Theories & Methods Flashcards
Definition of a sociological theory
Way of thinking about society.
Centre on how much freedom or control an individual has on their lives and how much power they have to influence society.
What is a structural theory?
- Form of macro sociology - based on assumptions that society is more important than an individual.
- Deterministic (no choice) - argue that social forces and institutions dictate our behaviour. Lives are controlled by society.
- Use quantitative data - numerical data to discover ‘bigger picture’ - meta narratives.
What are social action theories?
- Form of micro sociology - based on assumption that people have free will, agency & choose how they behave.
- Argue society is constructed & shaped by behaviours of individuals & are NOT predictable and are diverse.
- Use qualitative data - written data to give insight (verstehen) & understand human behaviour.
e.g. post modernism & interactionism
Definition of social norms
Perceived, unwritten rules that are deemed acceptable and appropriate within a society.

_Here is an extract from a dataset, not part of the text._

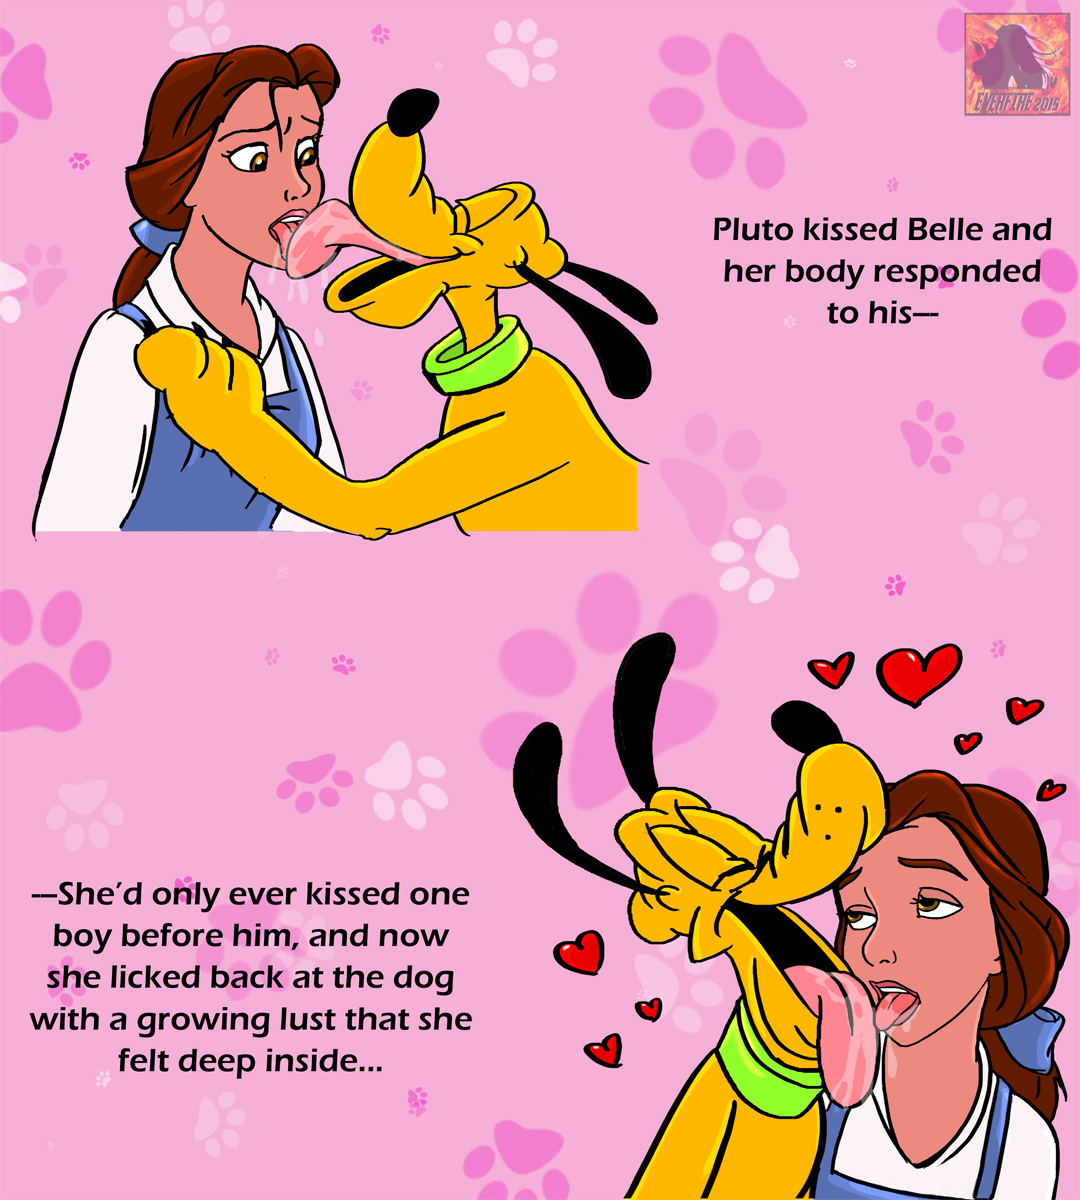 Beauty-And-The-Dog-Pluto-And-Belle-Make-Puppies-02__Gotofap.tk__92523774.jpg
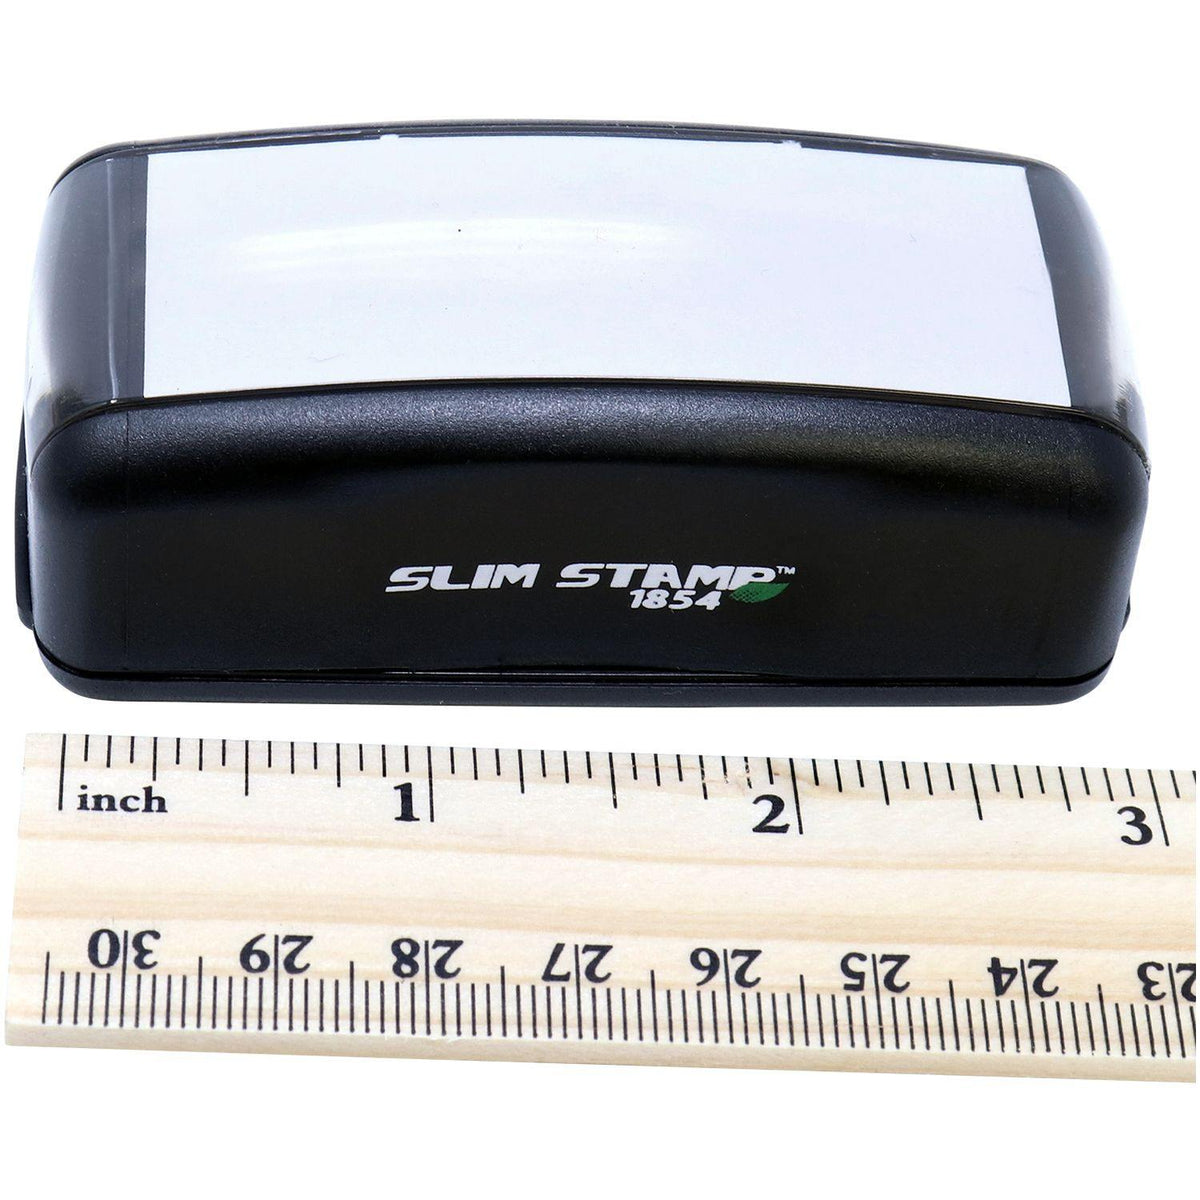 Measurement Large Pre-Inked Surface Stamp with Ruler

Definition of a value consensus
Societies develop a set of believes and principles to co-operate and meet societies functional prerequisites.
e.g. Functionalists
Definition of Social solidarity
The feeling of being part of a larger social group. Durkheim stated that society should provide individuals with this sense of social solidarity through all the institutions.
What is Parsons organic analogy?
- Society is like a human body - all social institutions need to function together like a human body requires organs to survive.
- If one institution is dysfunctional, this will have a knock on effect.
What do Marx believe?
The economy is a driving force in society and it is this that determines the nature of social institutions and people’s values and beliefs. They believe society serves and maintains interests of the bourgeoise.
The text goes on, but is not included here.